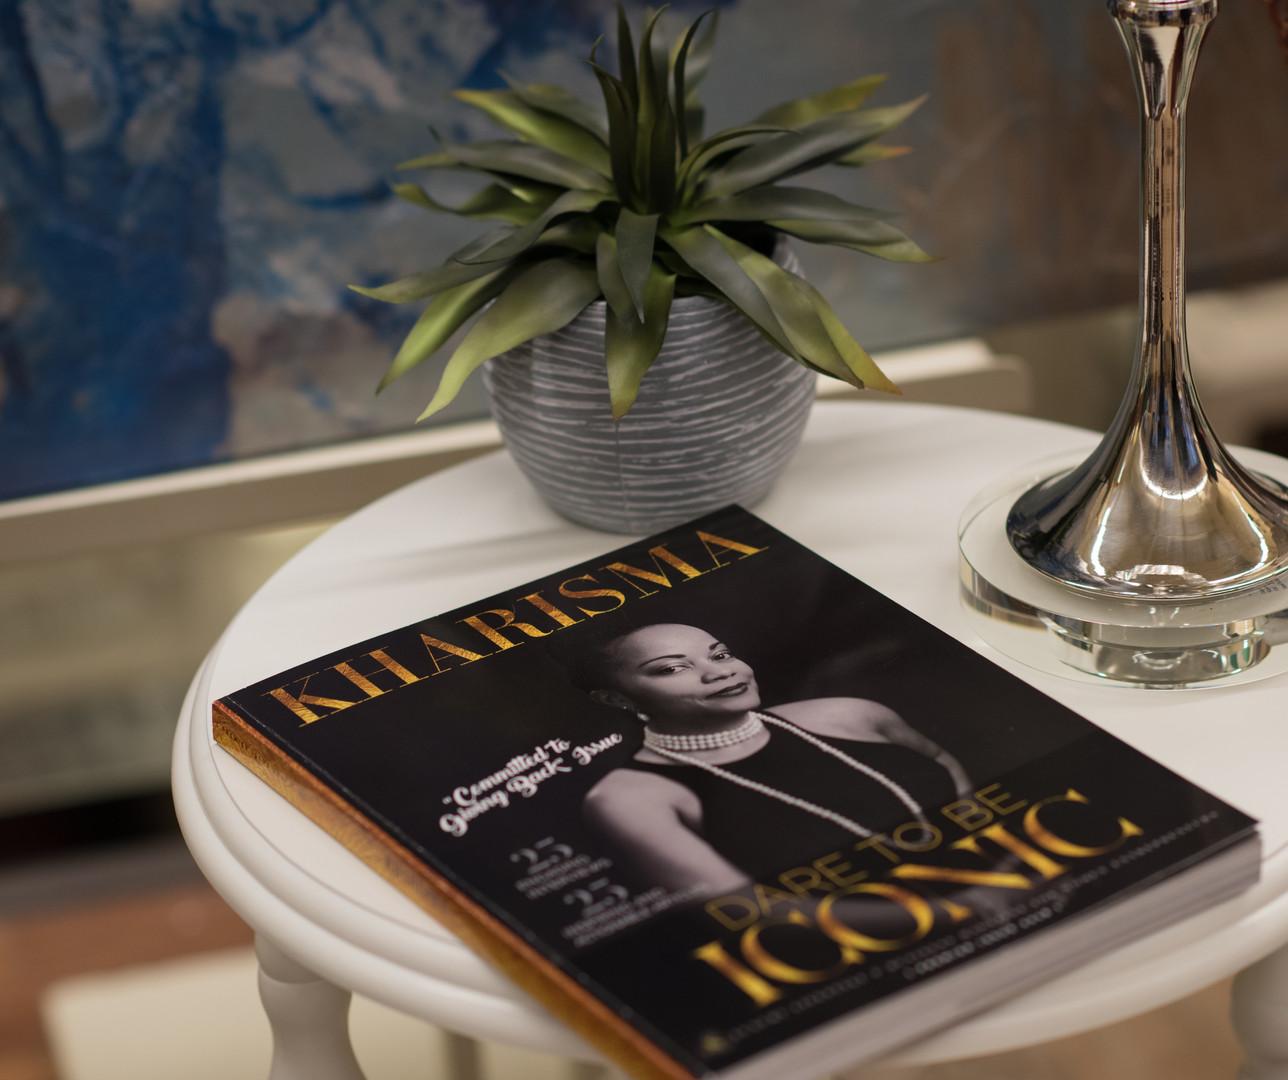 Kharisma Magazine on table - Copy.jpg
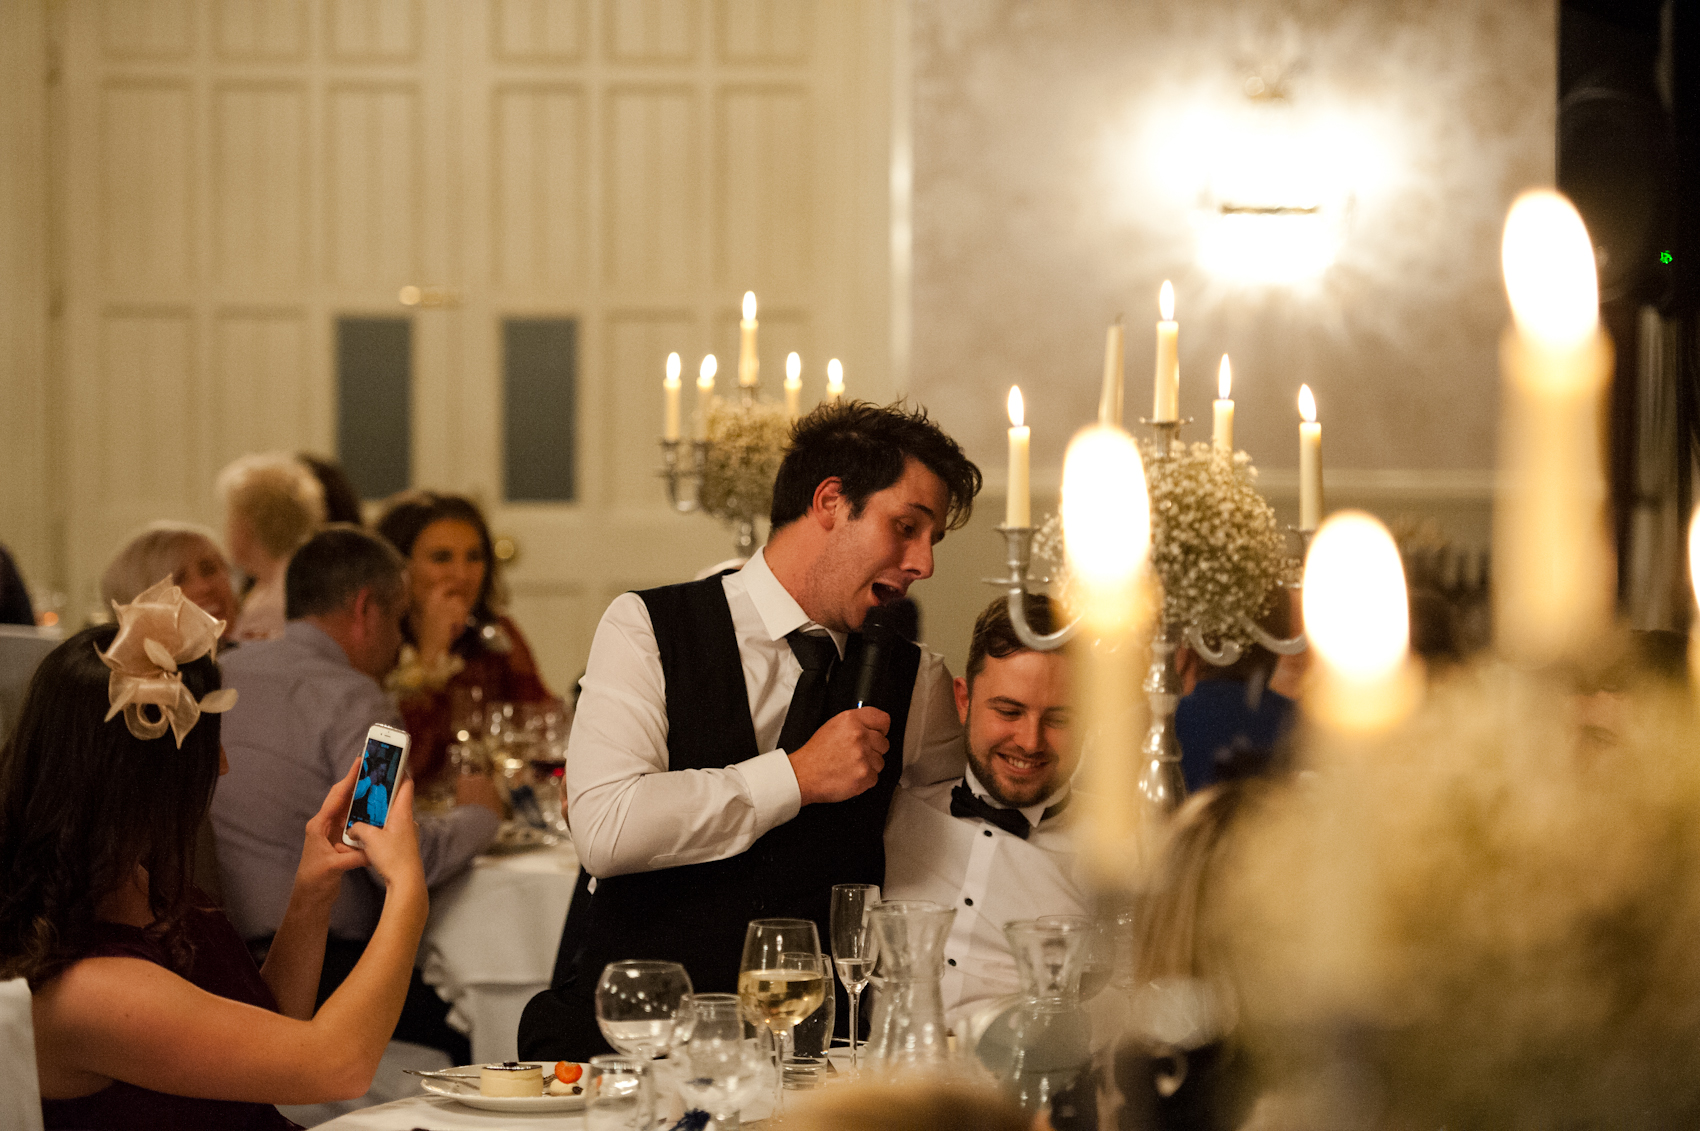 Declan & Emma wedding (23 of 29).jpg
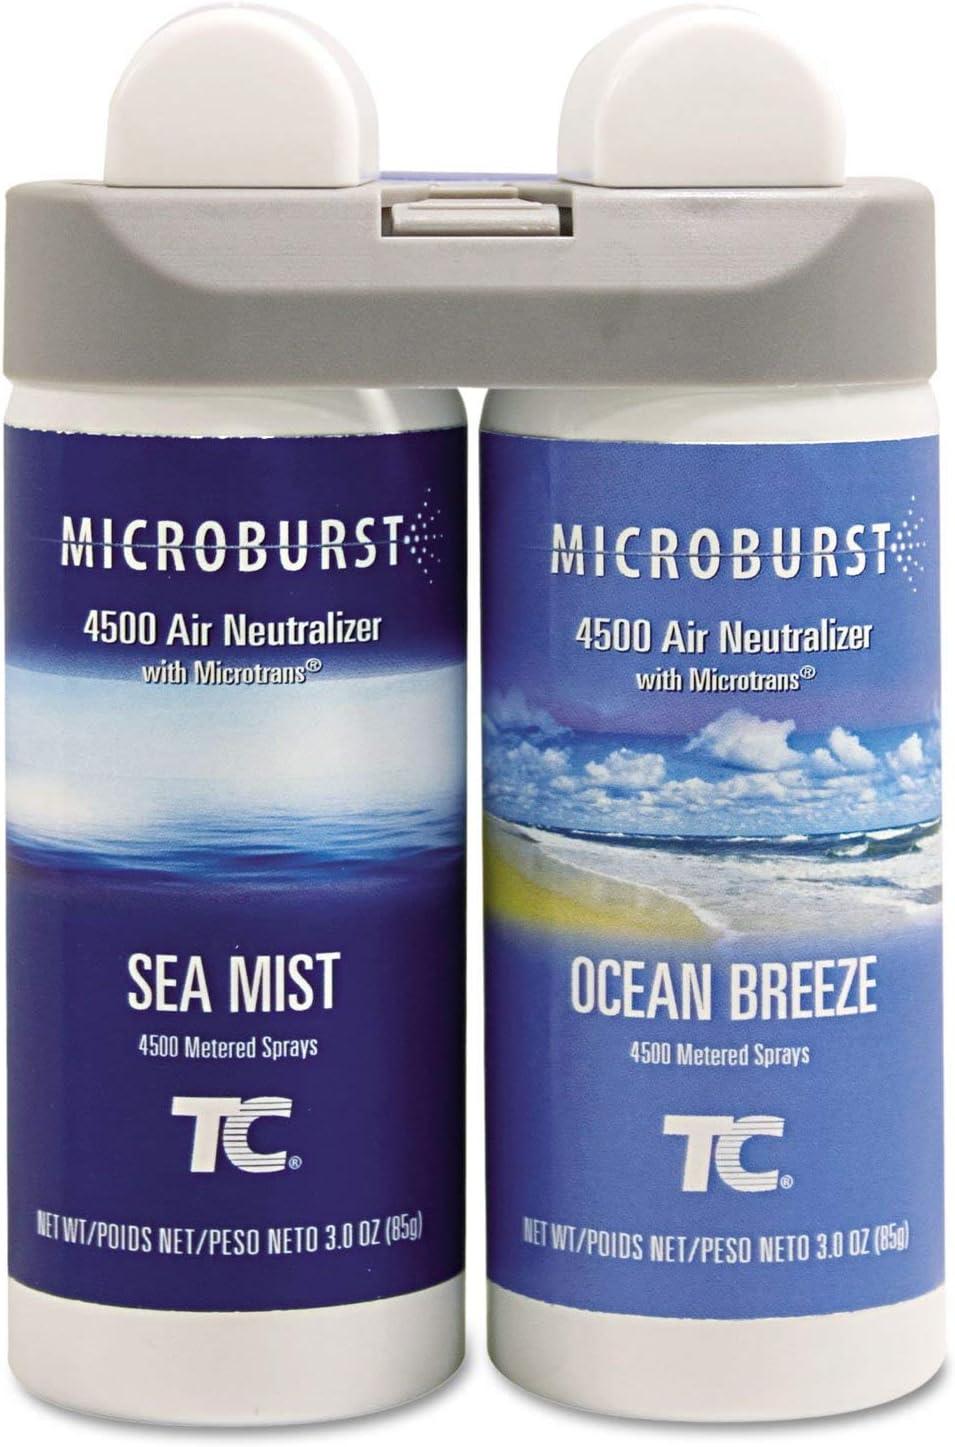 Rubbermaid Commercial Sale item 3485951 Microburst Charlotte Mall Sea Mist Refills Duet

Task prompt: Return every line shown above without changing a word, and skip the pictures.

Solution for this problem:
 Kharisma Magazine on table - Copy.jpg
 Declan & Emma wedding (23 of 29).jpg
 Rubbermaid Commercial Sale item 3485951 Microburst Charlotte Mall Sea Mist Refills Duet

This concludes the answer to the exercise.